Di Ting adalah makhluk mistis yang melayani Bodhisattva Kṣitigarbha. Konon ia memiliki sembilan wujud berbeda dan memiliki kemampuan banyak makhluk spiritual.
‘Apakah Di Ting ini adalah Di Ting legendaris dalam ingatan kehidupan sebelumnya? Apakah ia benar-benar makhluk mistis yang melayani Bodhisattva Kṣitigarbha?’
Entah mengapa, gagasan itu terlintas di benak Bu Fang. Namun kemudian, ia berpikir mungkin mereka hanya memiliki nama yang sama.
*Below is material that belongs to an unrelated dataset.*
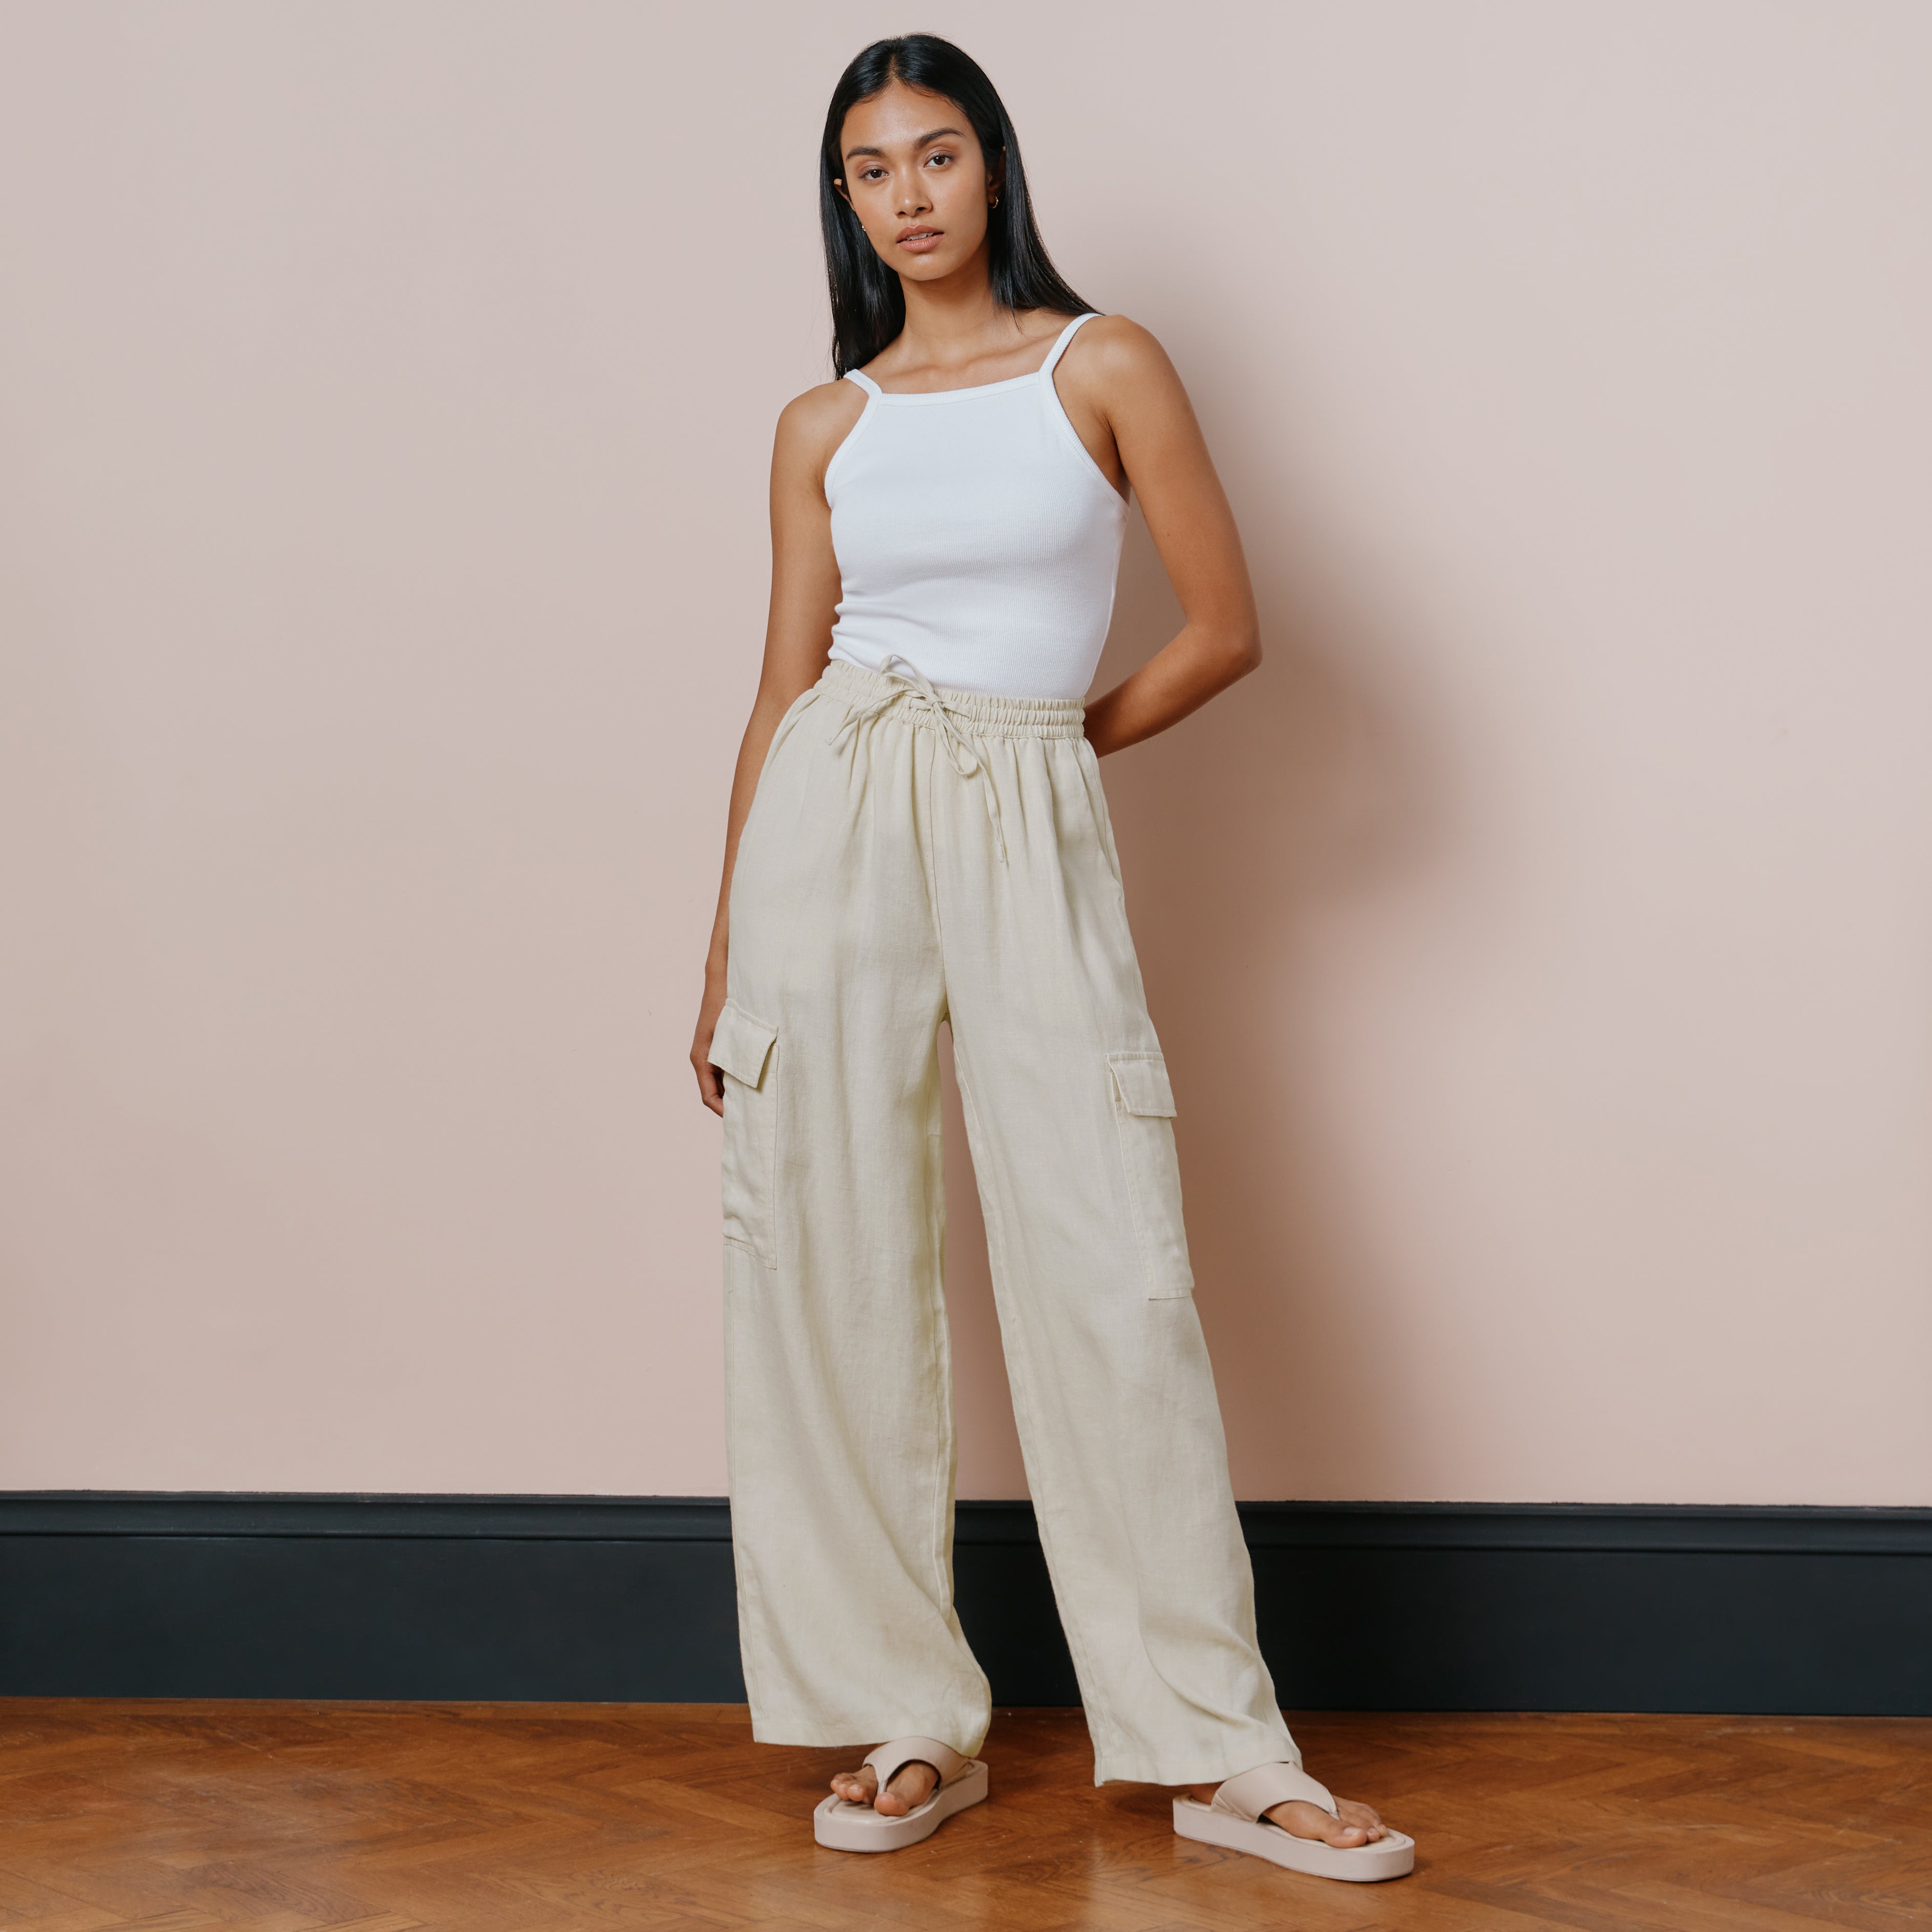 Buy Famulily Summer Cotton Linen Trousers for Women UK Elastic High Waist Drawstring  Pants Comfy Wide Leg Loose Fit Trousers with Pockets, White, XL at Amazon.in

Ini adalah dunia yang berbeda, dan Penjara Bumi di sini bukanlah dunia bawah yang ia kenal dari kehidupan sebelumnya. Jadi jelas, Di Ting ini bukanlah yang ia kenal. Mereka berbeda.
Tidak mungkin ada kebetulan seperti itu di dunia ini.
Panggilan Patriark Dalang Alam Bawah kepada Di Ting seperti perjuangan terakhirnya sebelum kematiannya. Nama itu seolah menyimpan semua harapannya.
Namun, kejadian yang terjadi benar-benar di luar dugaannya. Ia tidak menyangka Bu Fang memiliki cara untuk menghidupkan kembali Tian Cang. Untuk mencapai itu, dia harus melawan Kekuatan Hukum tertinggi. Apakah koki kecil ini mampu melakukannya?
Meskipun Tian Cang yang bangkit kembali itu kuat, Patriark Dalang Nether tidak takut padanya. Dia bahkan menjadi gila dan melepaskan kekuatan pecahan Hati Dewa untuk membunuh semua orang yang hadir. Dia lebih memilih menggunakan metode saling menghancurkan daripada mengganggu Di Ting karena dia khawatir itu akan memengaruhi terobosannya.
Namun, yang tidak dia duga adalah Hati Dewanya telah dicuri oleh boneka terkutuk itu!
Dia menghabiskan seluruh hidupnya membuat boneka, tetapi pada akhirnya, dia dikalahkan oleh boneka. Mungkin itu karmanya. Karma itu ada.
Di ambang kematian, Patriark Dalang Nether dipenuhi dengan kebencian dan ketakutan, sehingga ia memanggil sebuah nama, nama yang seharusnya tidak disebutkan.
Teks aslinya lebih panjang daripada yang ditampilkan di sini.